DOMENICA XXIX DEL TEMPO ORDINARIO  17 ottobre 2021     Anno B  (57)

Come impiegare la vita

     

La sofferenza e la morte di Gesù sono per la nostra salvezza. Anche gli apostoli, che chiedono di "sedere uno a destra e uno a sinistra" della sua gloria, si sentono rispondere che parteciperanno alla sua sofferenza e questa sarà per la loro gloria, Gesù Cristo è l'uomo-per, "per noi e la nostra salvezza" dona tutto se stesso. La vita di coloro che sono innestatati in lui diventa parte del suo stesso dono, nella sofferenza e nella gioia.

La grande pensatrice francese Simone Weil (1909-43) ha scritto: "La suprema grandezza del cristianesimo viene dal fatto che esso non cerca un rimedio soprannaturale contro la sof­ferenza, bensì un impiego soprannaturale della sofferenza".

         
       

PER COSTRUIRE NEL NOSTRO TEMPO

Quante vicende racconta Dante nella Divina Commedia! "e lo fa in modo mirabile, usando la lin­gua del popolo, quella che tutti potevano comprendere, elevandola a lingua universale, perché ha un messaggio importante da trasmetterci, una parola che vuole toccare il nostro cuore e la nostra mente, destinata a trasformarci e cambiarci già ora, in questa vita. Il suo è un messaggio che può e deve renderci pienamente consapevoli di ciò che siamo e di ciò che viviamo giorno per giorno nella tensione interiore e continua verso la felicità, verso la pienezza dell'esistenza, verso la patria ultima dove saremo in piena comunione con Dio, Amore infinito ed eterno. Anche se Dante è uomo del suo tempo e ha sensibilità diverse dalle nostre su alcuni temi, il suo umanesimo è ancora valido e attuale e può certamente essere punto di riferimento per quello che vogliamo costruire nel nostro tempo" (dalla lettera di Papa Francesco per il VII centenario di Dante).

   

RITI DI INTRODUZIONE

     

Antifona d'ingresso  (Sal 16,6.8)

 

lo t'invoco, o Dio, poiché tu mi rispondi; tendi a me l'orecchio, ascolta le mie parole. Custodi­scimi come pupilla degli occhi, all'ombra delle tue ali nascondimi.

   

C - Nel nome del Padre e del Figlio e dello Spirito Santo.

A - Amen.

C - La pace, la carità e la fede da parte di Dio Pa­dre e del Signore Gesù Cristo siano con tutti voi.

A - E con il tuo spirito.

PAROLE DI SALUTO E DI INTRODUZIONE DEL CELEBRANTE

Atto penitenziale

Atto penitenziale

C - Umili e pentiti come il pubblicano al tempio, accostiamoci al Dio giusto e santo, perché abbia misericordia di noi peccatori.
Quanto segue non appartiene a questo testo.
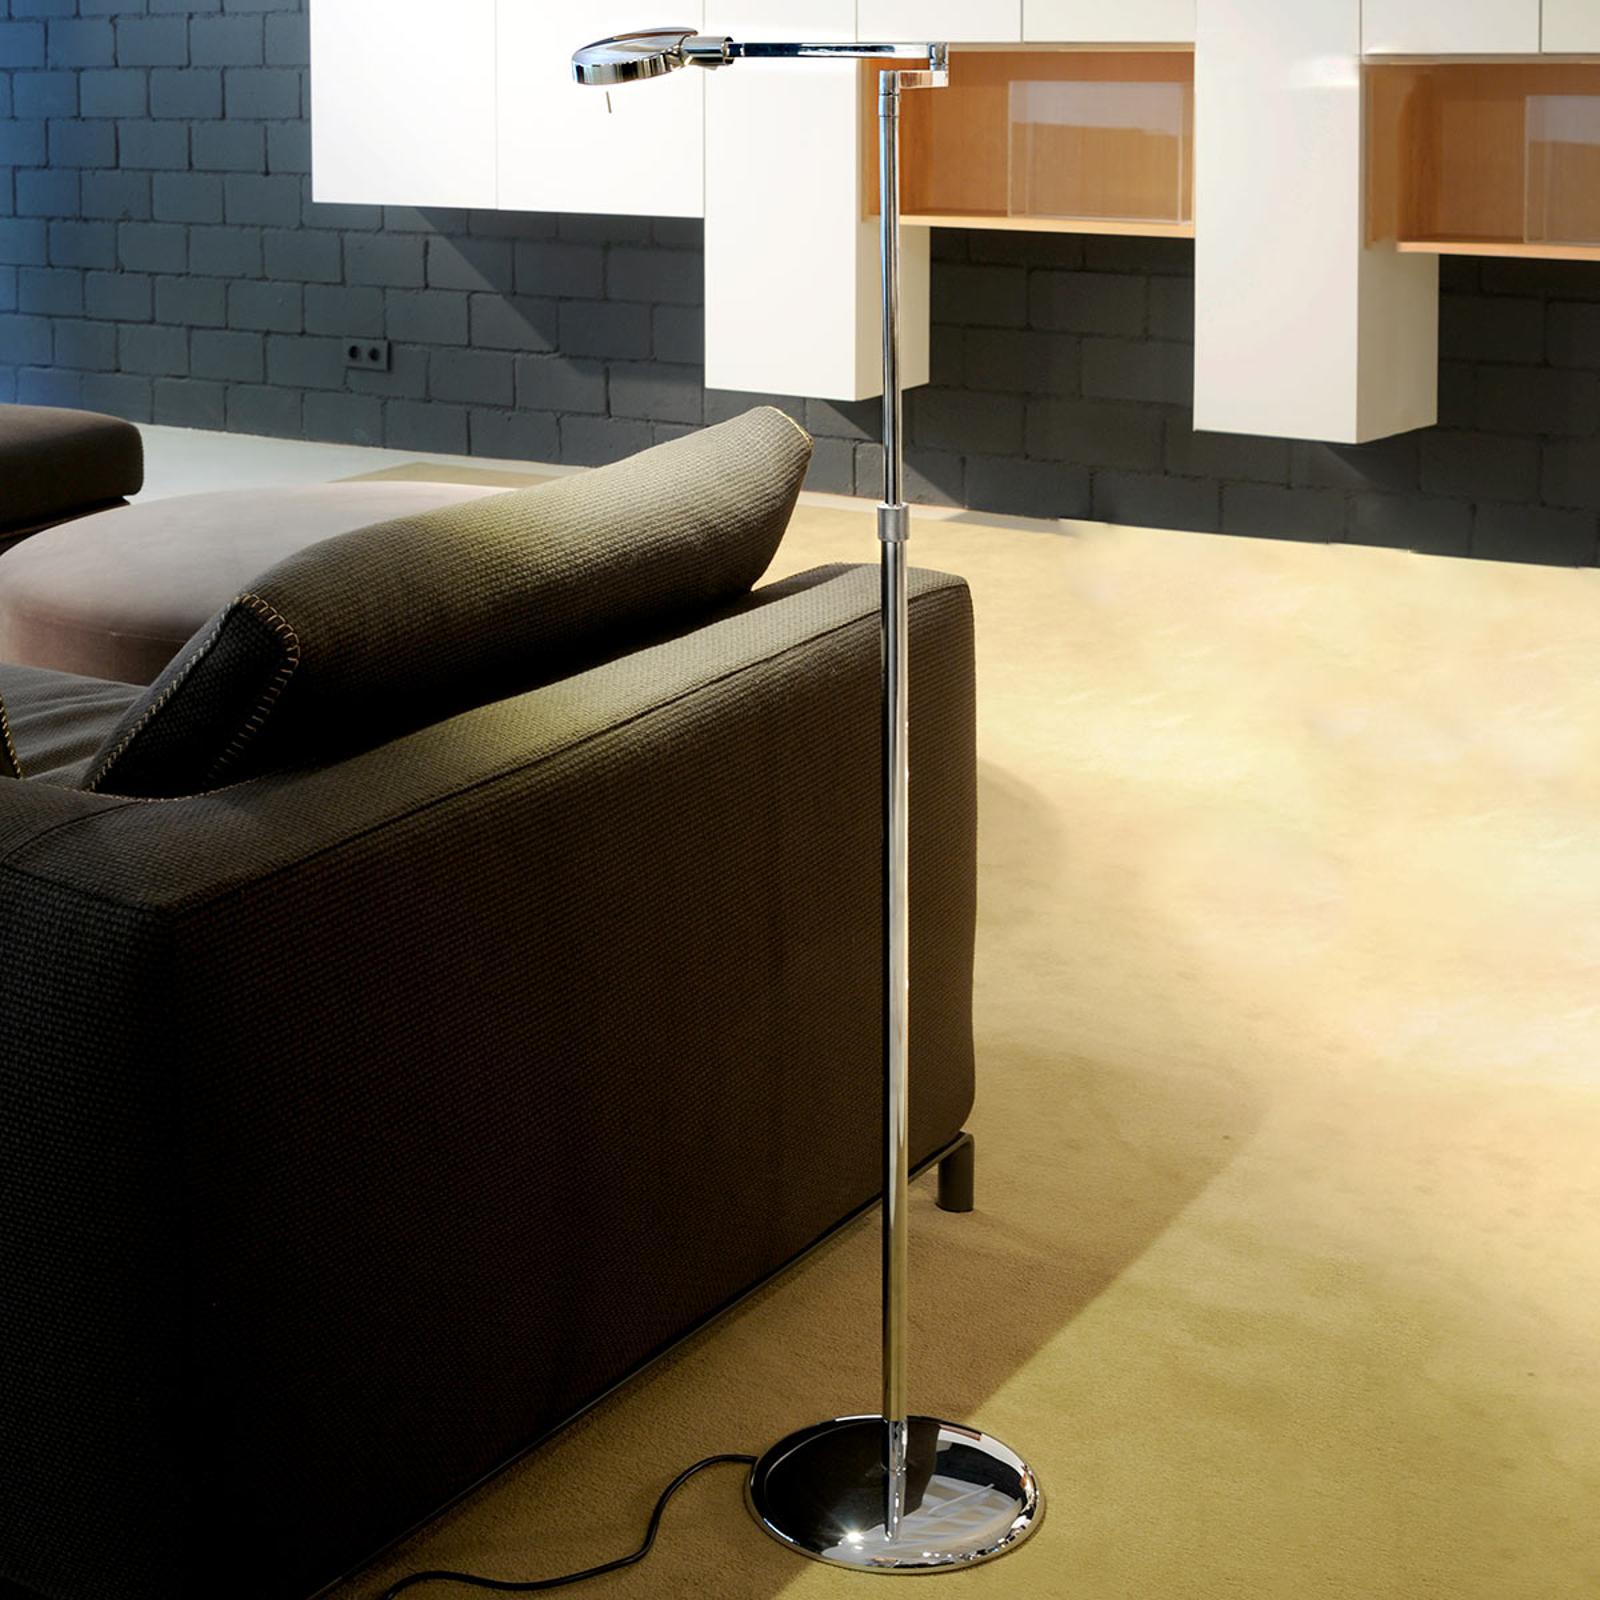 Korkeussäädettävä 3-LED-lattiavalaisin, 1 lamppu

PAUSA DI SILENZIO PER L'ESAME DI COSCIENZA

C - Pietà di noi, Signore.

A - Contro di te abbiamo peccato.

C - Mostraci, Signore, la tua misericordia. A - E ~ad la tua salvezza.

C - Dio onnipotente abbia misericordia di noi, per­doni i nostri peccati e ci conduca alla vita eterna. A - Amen.

C - Kyrie, eléison.      A - Kyrie, eléison.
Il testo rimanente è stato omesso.